Definition of m-Learning

Mobile learning commonly referred to as m-learning, is intrinsically related to mobile devices. These are generally cell phones but also comprise PDAs, advanced MP3 players such as the iPod Touch and even portable video games player. Since the technology involved is related to information and communication (ICT), using mobile devices to teach can be interpreted as an evolution from e-learning (Holzinger, Nischelwitzer, & Meisenberger, 2005).

More precisely, Sharples, Corlett and Westmancott (2002) defined eight requirements for the design of a mobile learning resource. They should be “highly portable, individual, unobtrusive, available, adaptable, persistent, useful and easy to use” (Sharples, Corlett, & Westmancott, 2002, p. 223). These requirements were completed by Ally (2005) who suggested that the content should be adapted to the small size of the device, make use of multimedia, allow ease of navigation, and put a minimal load on the devices’ processing resource.

At the turn of the century, Judith Boettcher (2001) envisioned that through future development in teaching technology, learning could happen anywhere and everywhere. Today, m-learning fulfils this forecast. It is interesting to point out that, using cell phones in the class rooms is conventionally considered inappropriate (Campbell & Russo, 2003). Yet, with mobile learning, the situation is paradoxically opposite where students are required to use their cell phones to learn.

Using Cell Phones Beyond a Personal Use

Although mobile learning may seem to be the natural evolution of e-learning, we must first emphasize the social acceptance of cell phones beyond personal use. Indeed, for instructors to adopt a new method of teaching using cell phones, they must first accept the notion that this personal device needs to be used professionally. Current literature (Campbell, 2007) reveals that using cell phones for work-related tasks is culturally dependant. Campbell (2007) highlights that for Italians and French users, cell phones should be restricted to personal matters whereas Chinese find it normal to receive professional calls after office hours. From our own observations, Malaysian learners consider appropriate calling their lecturers during the weekend or sending them text messages after midnight.

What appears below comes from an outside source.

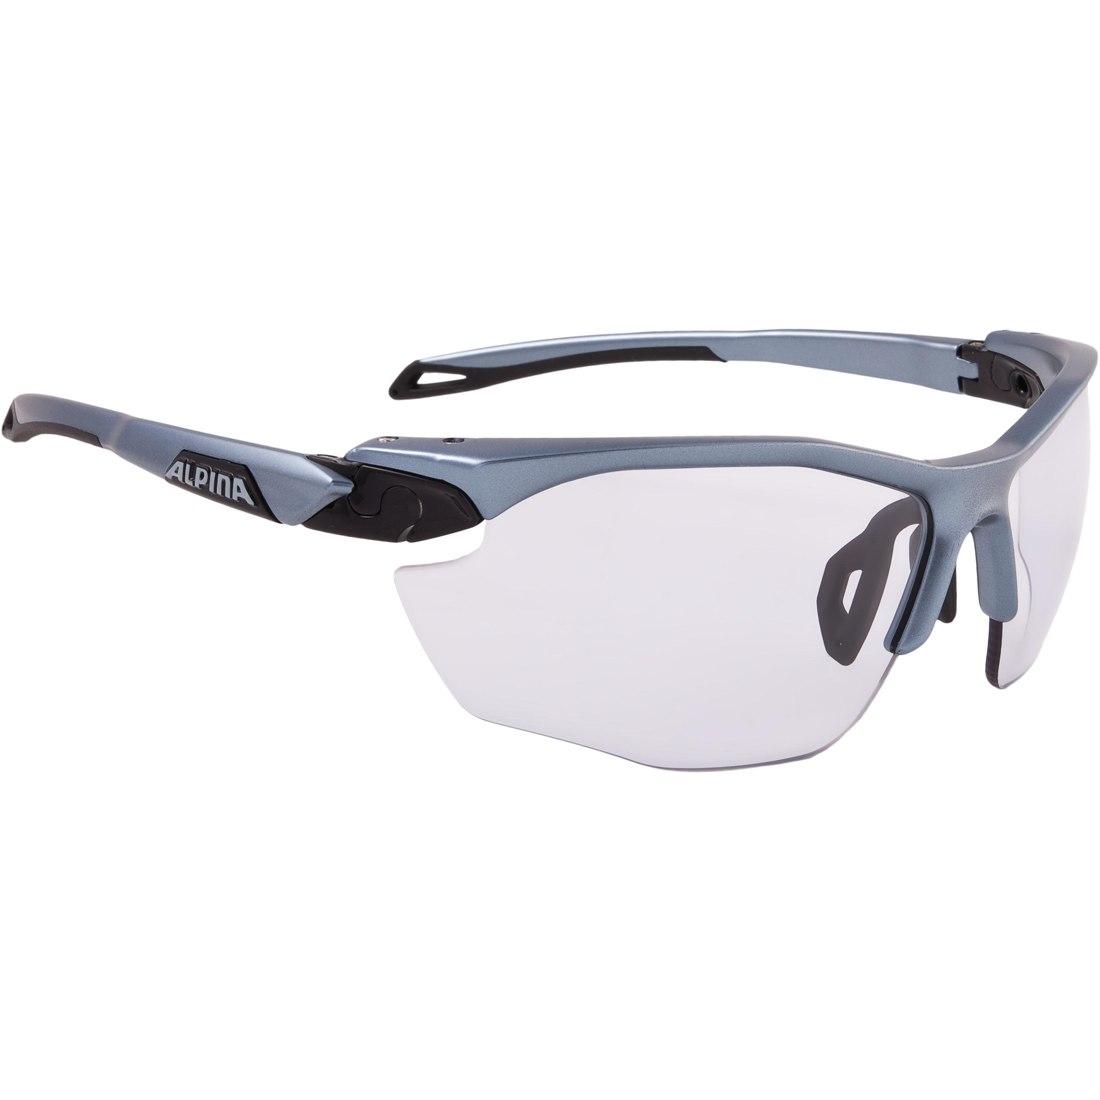 Alpina Twist Five HR VL+ tin-black/Varioflex black - Glasses
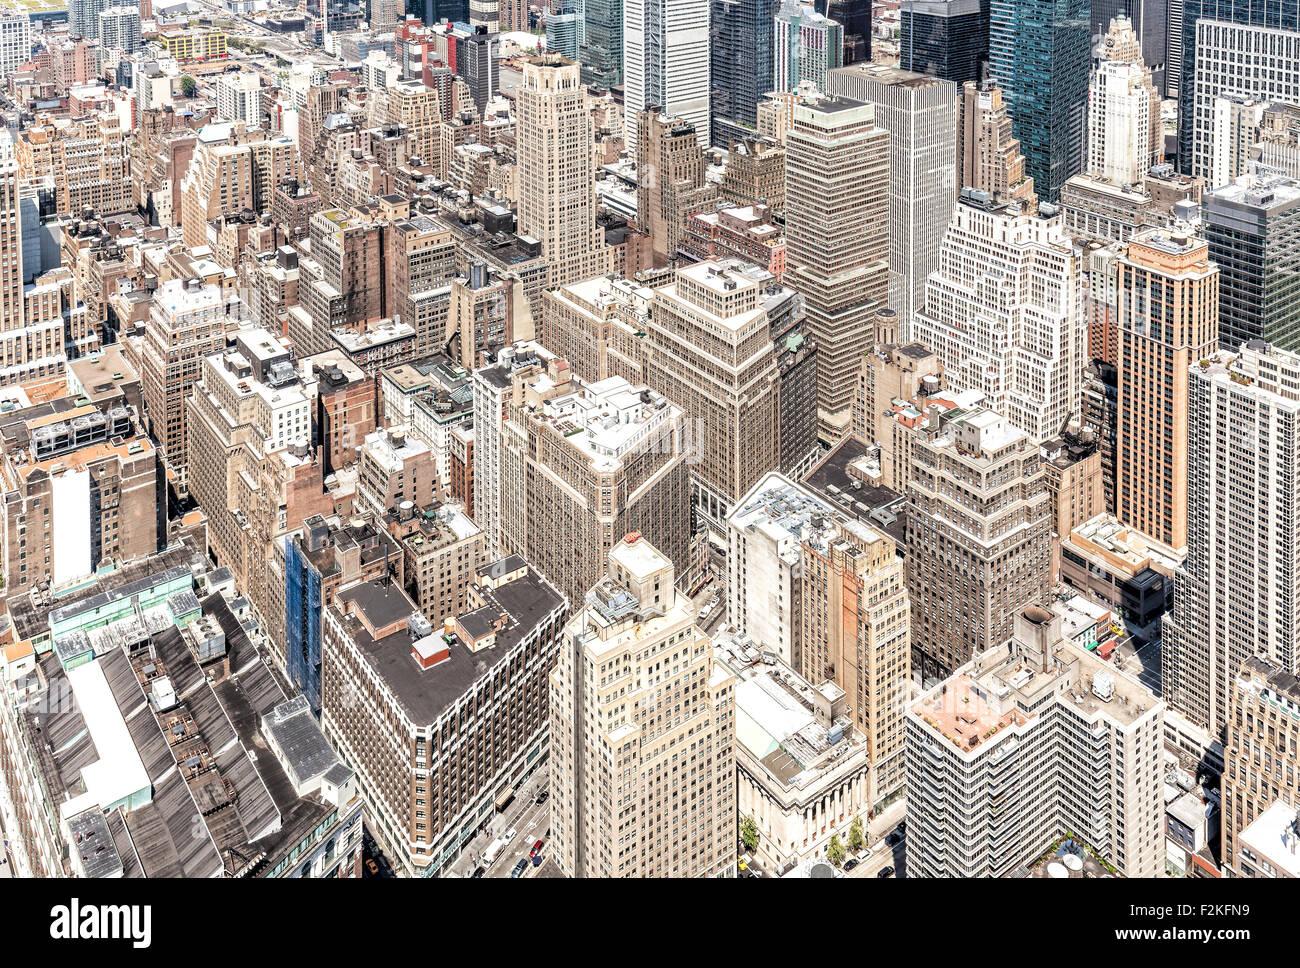 Vista aerea di Manhattan's downtown, NYC, Stati Uniti d'America. Immagini Stock

Learning Anywhere and Anytime

The ubiquity nature of mobile devices fits a fast paced lifestyle where one has several short lapses of idle time. This down time could happen in urban commuting, or while waiting for something such as an appointment or even while queuing for any sort of service. It is an educator’s dream come true to have learners retrieve material at any moment. Although this is possible with the use of a computer in any e-learning setup, the ability to be free from grounded infrastructures and to engage in nomadic learning is an added advantage. This is particularly true when fieldwork is required (Sato, Ohshika, & Ikeda, 2004) or even in specific domains such as medical studies where learners are mobile (Holzinger et al., 2005).